Maybe some advice about how many excercises, sets, reps per workout?


----------



## CJ (Feb 25, 2022)

I'd switch rest days around, I'd do 

Pull
Push
Legs
Rest
Pull
Push 
Rest


----------



## Send0 (Feb 25, 2022)

Hardestworker2002 said:


> Hmm yeah that’s true haha!
> 
> Maybe some advice about how many excercises, sets, reps per workout?


Maybe you can list out your programming and we can make suggestions on how to modify it (if necessary).


----------



## Hardestworker2002 (Feb 25, 2022)

Send0 said:


> Maybe you can list out your programming and we can make suggestions on how to modify it (if necessary).


That’s a good idea!
But I haven’t made it yet.
I just first wanted to make a good split.

Do you maybe have any suggestions where to find one online, for inspiration?


----------



## Butch_C (Feb 25, 2022)

Hardestworker2002 said:


> Hi guys!
> 
> I'm going to create my own workout plan for the first time, but I would like your opinion on my split! It would be as follows:
> 
> ...


I would avoid RUSTING on Saturdays


----------



## Hardestworker2002 (Feb 25, 2022)

Butch_C said:


> I would avoid RUSTING on Saturdays


Hahah yeah! Well rest* of course


----------



## RiR0 (Feb 25, 2022)

Hardestworker2002 said:


> Hi guys!
> 
> I'm going to create my own workout plan for the first time, but I would like your opinion on my split! It would be as follows:
> 
> ...


I’m not a fan. 
I’d do pull, push, day off,legs,day off,  pull,push, day off repeat. 
I don’t think you’re to the point of understanding how to properly program a routine. 
Why are you doing push,pull,push? You’re not giving proper rest to push muscles. 
Do you really need a tricep focus day? Are you that advanced?


----------



## RiR0 (Feb 25, 2022)

Post a pic of the monster legs that you believe are quite developed


----------



## Hardestworker2002 (Feb 25, 2022)

RiR0 said:


> I’m not a fan.
> I’d do pull, push, day off,legs,day off,  pull,push, day off repeat.
> I don’t think you’re to the point of understanding how to properly program a routine.
> Why are you doing push,pull,push? You’re not giving proper rest to push muscles.
> Do you really need a tricep focus day? Are you that advanced?


Well do you know where I can get a proper routine then?


----------



## RiR0 (Feb 25, 2022)

Hardestworker2002 said:


> Well do you know where I can get a proper routine then?

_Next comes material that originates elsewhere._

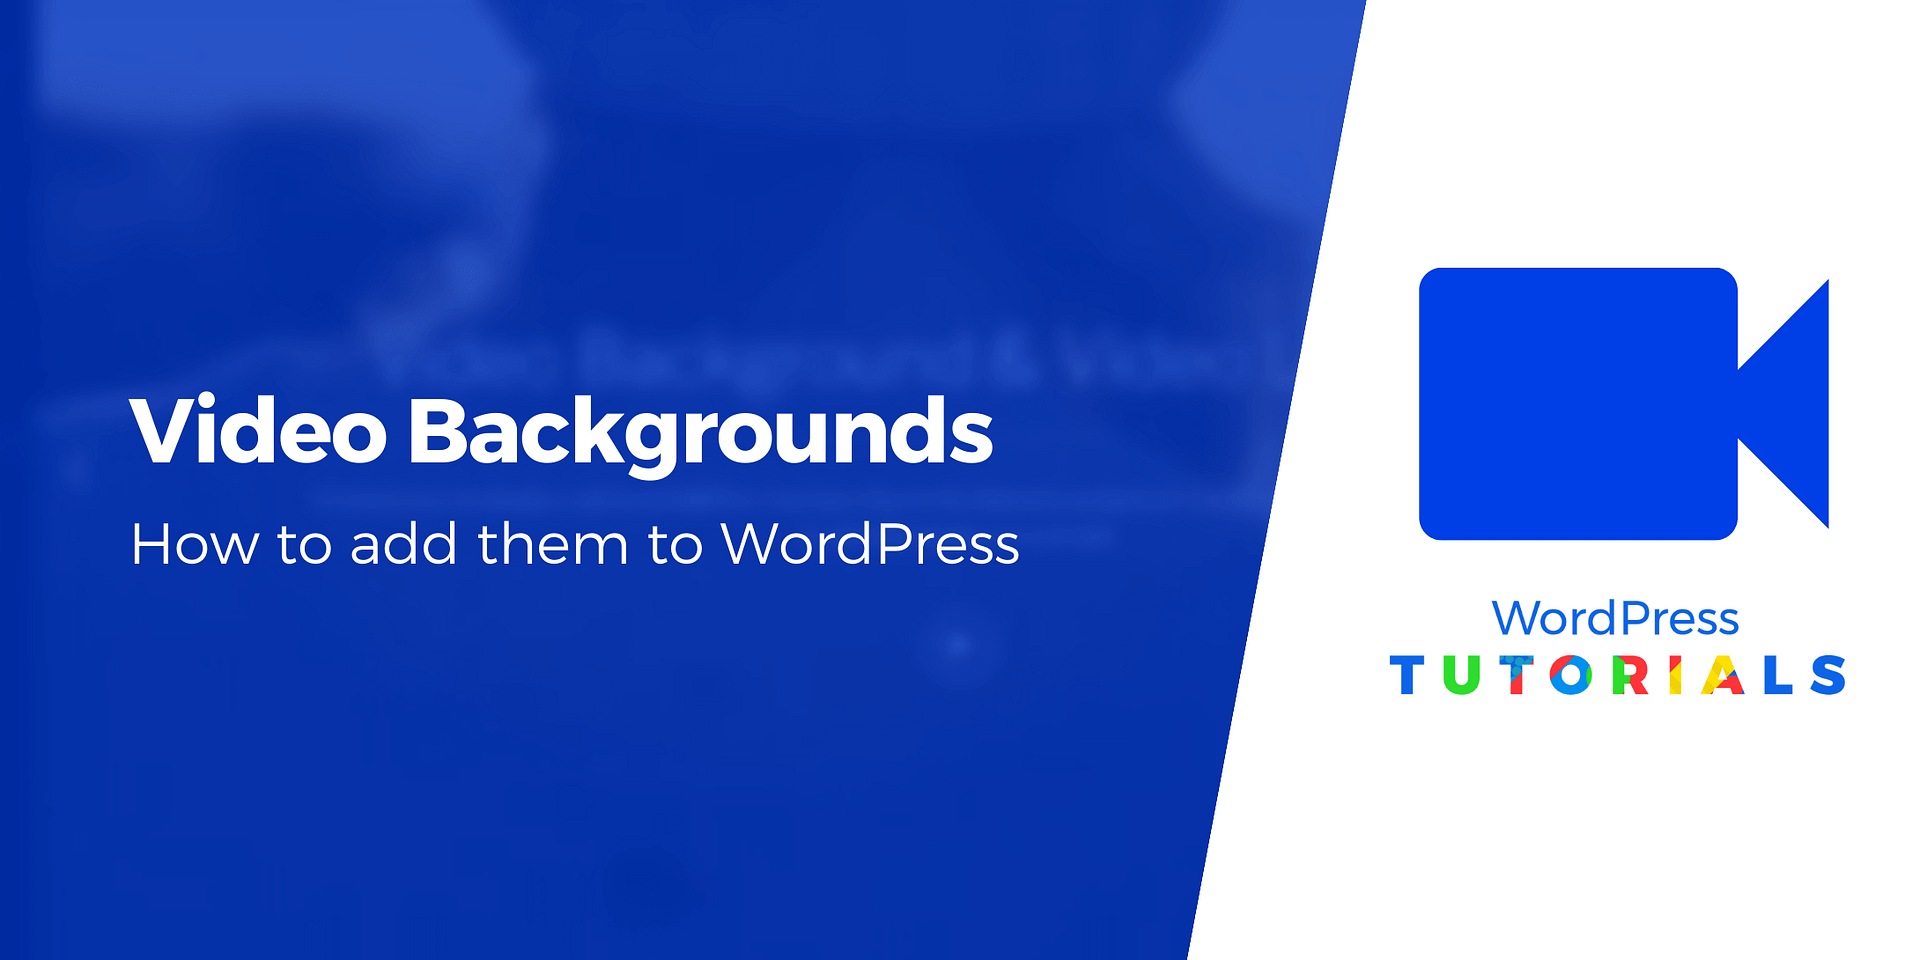 WordPress Video Background là công cụ tuyệt vời giúp cho trang web của bạn trở nên cuốn hút và độc đáo hơn. Với chức năng này, bạn có thể thêm video nền vào trang web của mình chỉ trong vài bước đơn giản và dễ dàng.

It doesn’t have to be anything complex. 
What do you like higher volume or lower volume high intensity?


----------



## Hardestworker2002 (Feb 25, 2022)

RiR0 said:


> It doesn’t have to be anything complex.
> What do you like higher volume or lower volume high intensity?


I like higher volume more. But I’m willing to do what works the best in relation to muscle growth (and stay natural)


----------



## Hardestworker2002 (Feb 25, 2022)

Hardestworker2002 said:


> I like higher volume more. But I’m willing to do what works the best in relation to muscle growth (and stay natural)


Do you know have tips?


----------



## RiR0 (Feb 25, 2022)

Do you have access to a full gym? Do you have any injuries? 
Are there any movements or exercises that you really love?


----------



## Seeker (Feb 25, 2022)

I remember running ppl in this format
Push/pull/legs intensity rest. Push/pull legs volume rest. Repeat. I was  also blasting hard and pushing the envelope. 

I also ran this format ppl with my ex partner  to get her pro card.


----------



## Hardestworker2002 (Feb 25, 2022)

RiR0 said:


> Do you have access to a full gym? Do you have any injuries?
> Are there any movements or exercises that you really love?


Yeah, I have access to a full gym. 
I have no injuries. 
At the moment I really like to deadlift


----------



## RiR0 (Feb 25, 2022)

Seeker said:


> I remember running ppl in this format
> Push/pull/legs intensity rest. Push/pull legs volume rest. Repeat. I was  also blasting hard and pushing the envelope.
> 
> I also ran this format ppl with my ex partner  to get her pro card.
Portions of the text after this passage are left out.